● **WHAT TO PRODUCE**:
Pictures in the records below must be left out. Return exactly the lines from the line with "Pea pods and" to the line with "Fr-Oasis Bay Classic Cruise", both included.

● **RAW DATA**:
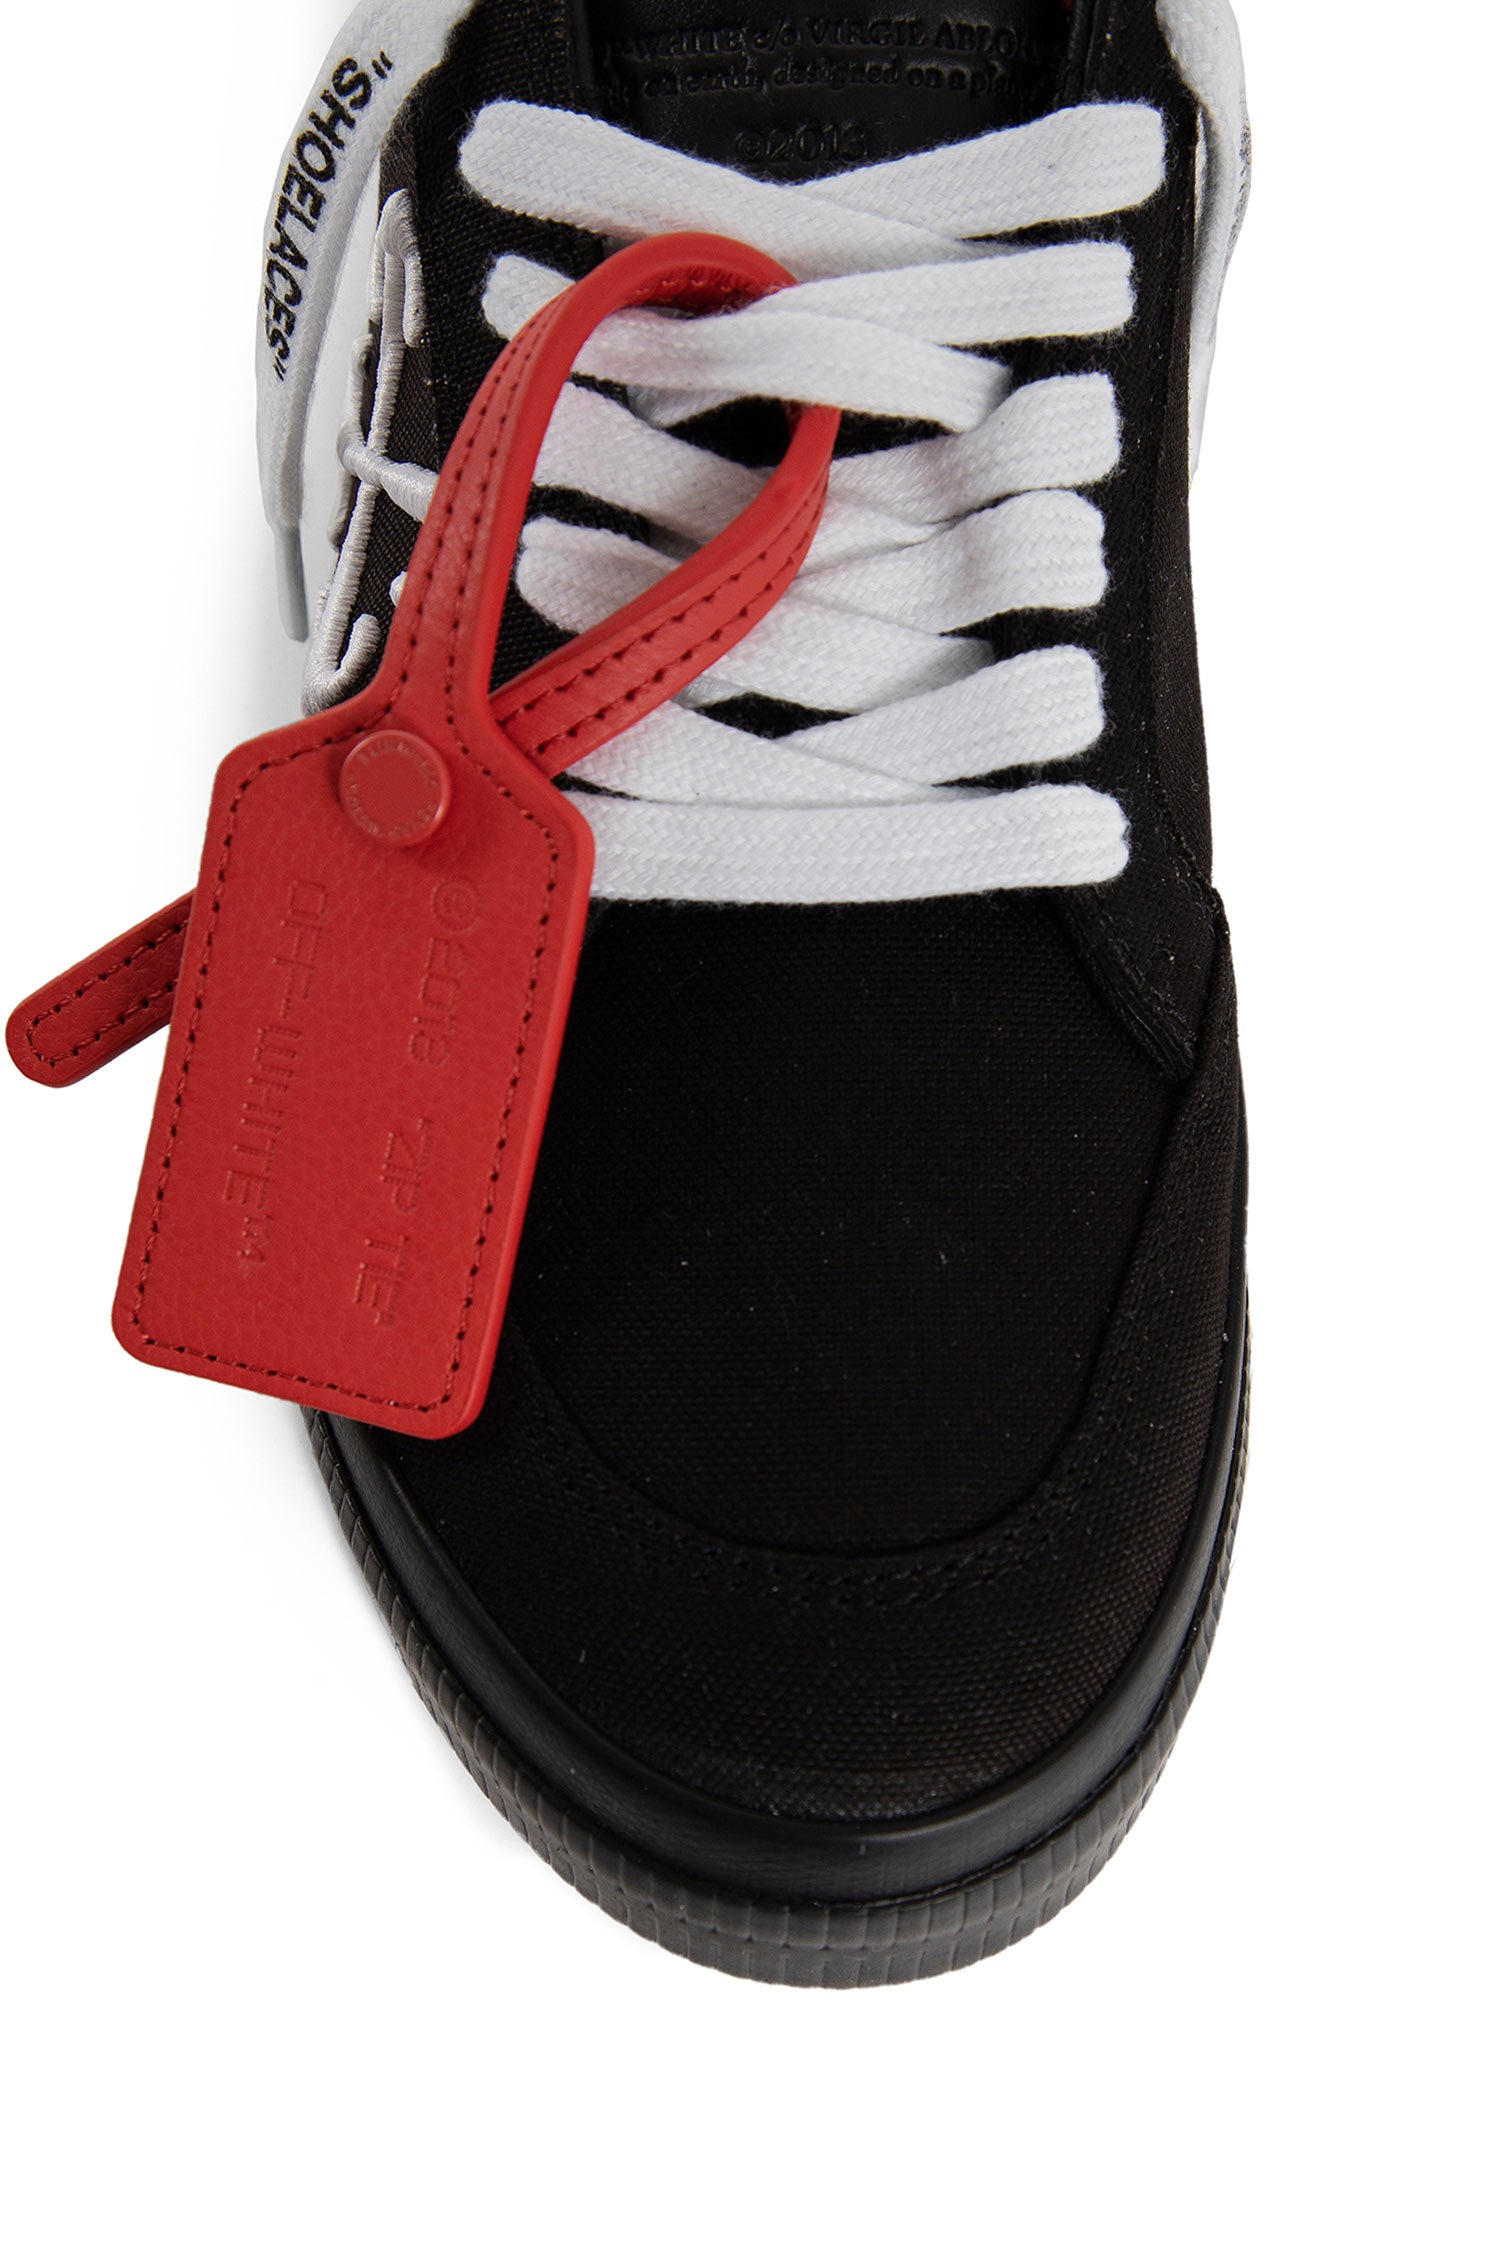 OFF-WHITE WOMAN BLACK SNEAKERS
==
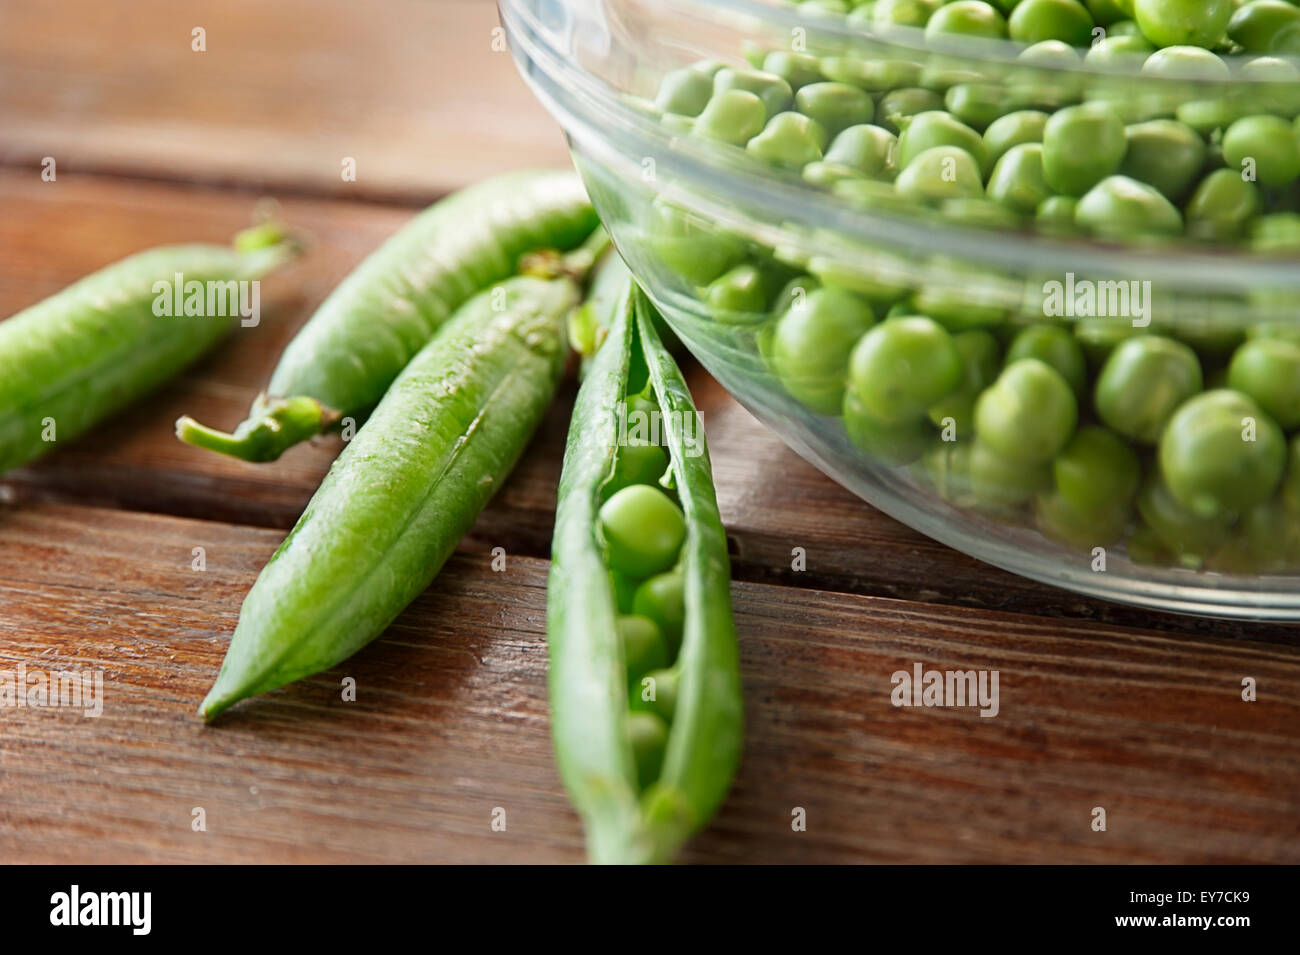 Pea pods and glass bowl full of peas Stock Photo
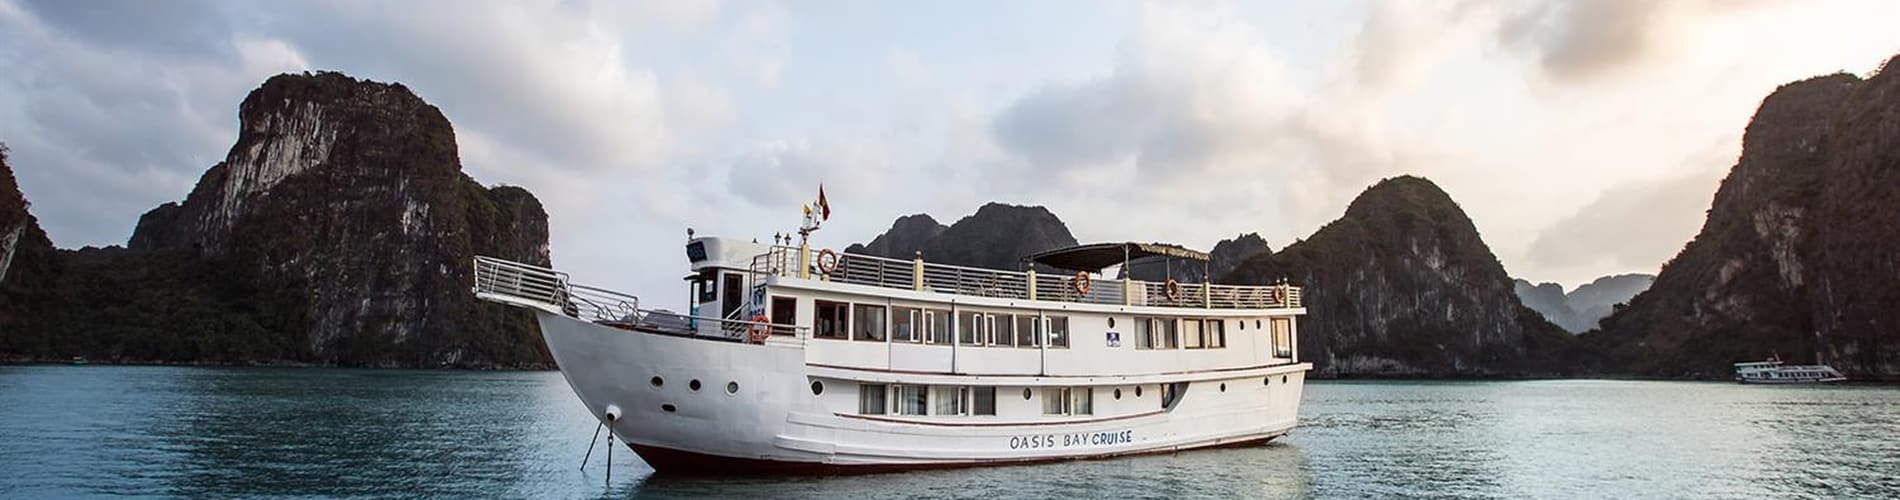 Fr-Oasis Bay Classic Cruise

● **ANSWER TO THE PROBLEM**:
 Pea pods and glass bowl full of peas Stock Photo
 Fr-Oasis Bay Classic Cruise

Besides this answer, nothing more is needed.